Summary. The paper studies citation hallucinations in LLMs across 9 models and 108,000 generated references, finding that author names fail at higher rates than other fields regardless of citation style. Reasoning-oriented distillation reduces recall, and field-specific probes transfer at near-chance levels, indicating non-generalizable hallucination signals. In Qwen2.5-32B-Instruct, elastic-net regularization with stability selection on neuron-level CETT values identifies sparse field-specific hallucination neurons (FH-neurons). Causal interventions show that amplifying these neurons increases hallucination rates while suppressing them improves citation performance across fields.

Significance. If the causal specificity of the FH-neurons holds after appropriate controls, the work provides a mechanistic, neuron-level account of field-specific citation hallucination and a lightweight internal-signal approach to detection and mitigation. The scale of the empirical evaluation (9 models, 108k references) and the use of causal interventions rather than purely correlational analysis are strengths that could inform targeted model editing techniques for knowledge-intensive generation tasks.

major comments (3)
  1. [Causal intervention experiments] The causal intervention results (amplification increases hallucination; suppression improves performance) lack controls comparing effects to randomly sampled neuron sets or to high-CETT neurons excluded by stability selection. Without these baselines, the directional changes cannot be attributed specifically to FH-neurons rather than any sparse perturbation of generation circuitry.
  2. [Neuron selection and FH-neuron identification] The elastic-net regularization and stability selection procedure for identifying FH-neurons (applied to CETT values) involves free hyperparameters whose sensitivity is not reported; combined with post-selection on the same data used for evaluation, this creates a risk that the sparse set is overfit to observed hallucination patterns rather than causally responsible.
  3. [Results on interventions and probe transfer] The abstract and results sections provide no error bars, confidence intervals, or exact intervention protocols (e.g., scaling factors, number of neurons intervened, layer locations) for the reported hallucination rate changes; this weakens the ability to assess the magnitude and reliability of the claimed improvements.
minor comments (2)
  1. [Methods] Clarify the exact definition and computation of CETT values in the methods section, including any preprocessing or normalization steps.
  2. [Observational results] The claim that 'citation style has no measurable effect' should be supported by explicit statistical tests or effect sizes rather than a qualitative statement.

Simulated Author's Rebuttal

3 responses · 0 unresolved

We thank the referee for their thoughtful and constructive comments on our manuscript.
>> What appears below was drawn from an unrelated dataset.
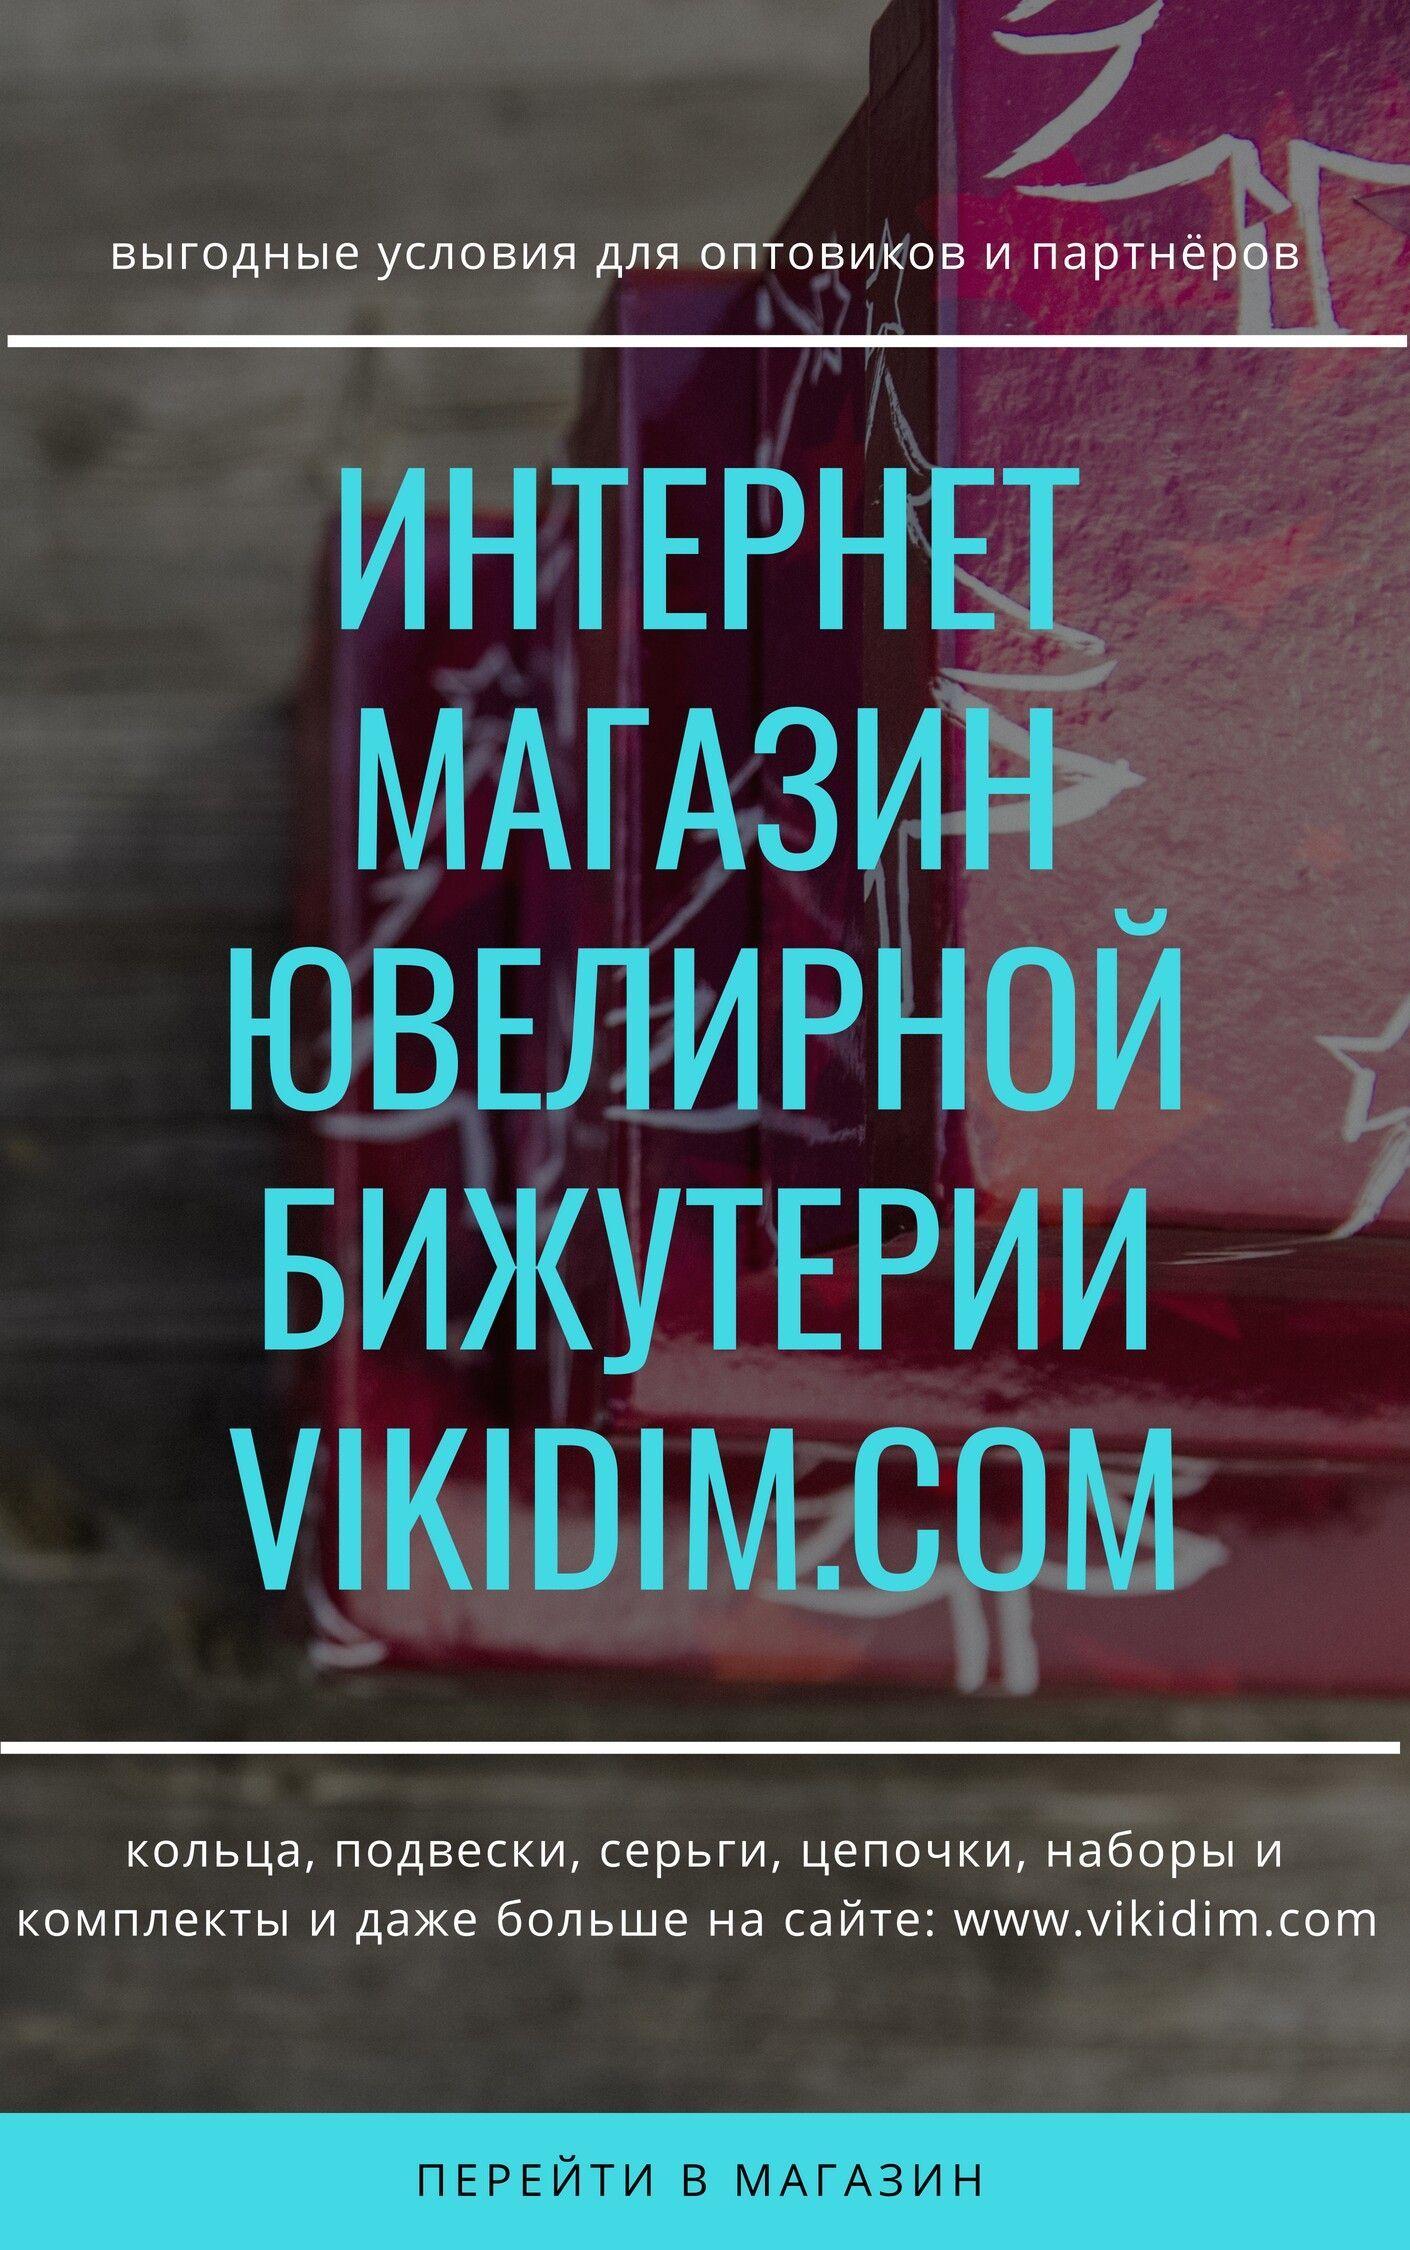 9762042f31cf Ювелирная бижутерия на Vikidim.com  кольца, подвески, серьги, цепочки,  наборы

We address each major comment point by point below, indicating the revisions we will make to strengthen the paper.

read point-by-point responses
  1. Referee: [Causal intervention experiments] The causal intervention results (amplification increases hallucination; suppression improves performance) lack controls comparing effects to randomly sampled neuron sets or to high-CETT neurons excluded by stability selection. Without these baselines, the directional changes cannot be attributed specifically to FH-neurons rather than any sparse perturbation of generation circuitry.

    Authors: We agree that additional control experiments are required to establish the specificity of the FH-neurons. In the revised manuscript, we will add causal interventions on randomly sampled neuron sets matched for sparsity and on high-CETT neurons excluded by stability selection, using identical amplification and suppression protocols. These baselines will be reported alongside the original results to demonstrate that the observed changes are attributable to the selected FH-neurons rather than generic sparse perturbations. revision: yes

  2. Referee: [Neuron selection and FH-neuron identification] The elastic-net regularization and stability selection procedure for identifying FH-neurons (applied to CETT values) involves free hyperparameters whose sensitivity is not reported; combined with post-selection on the same data used for evaluation, this creates a risk that the sparse set is overfit to observed hallucination patterns rather than causally responsible.

    Authors: We acknowledge the need for greater transparency on hyperparameters and data usage. The revised methods section will fully document all hyperparameters for elastic-net regularization and stability selection, including their specific values and selection rationale. We will also include a sensitivity analysis showing the stability of the identified neuron set across a range of hyperparameter values. To address post-selection concerns, we will explicitly document the data partitioning procedure used for CETT computation and subsequent interventions, clarifying any separation between selection and evaluation data. revision: yes

  3. Referee: [Results on interventions and probe transfer] The abstract and results sections provide no error bars, confidence intervals, or exact intervention protocols (e.g., scaling factors, number of neurons intervened, layer locations) for the reported hallucination rate changes; this weakens the ability to assess the magnitude and reliability of the claimed improvements.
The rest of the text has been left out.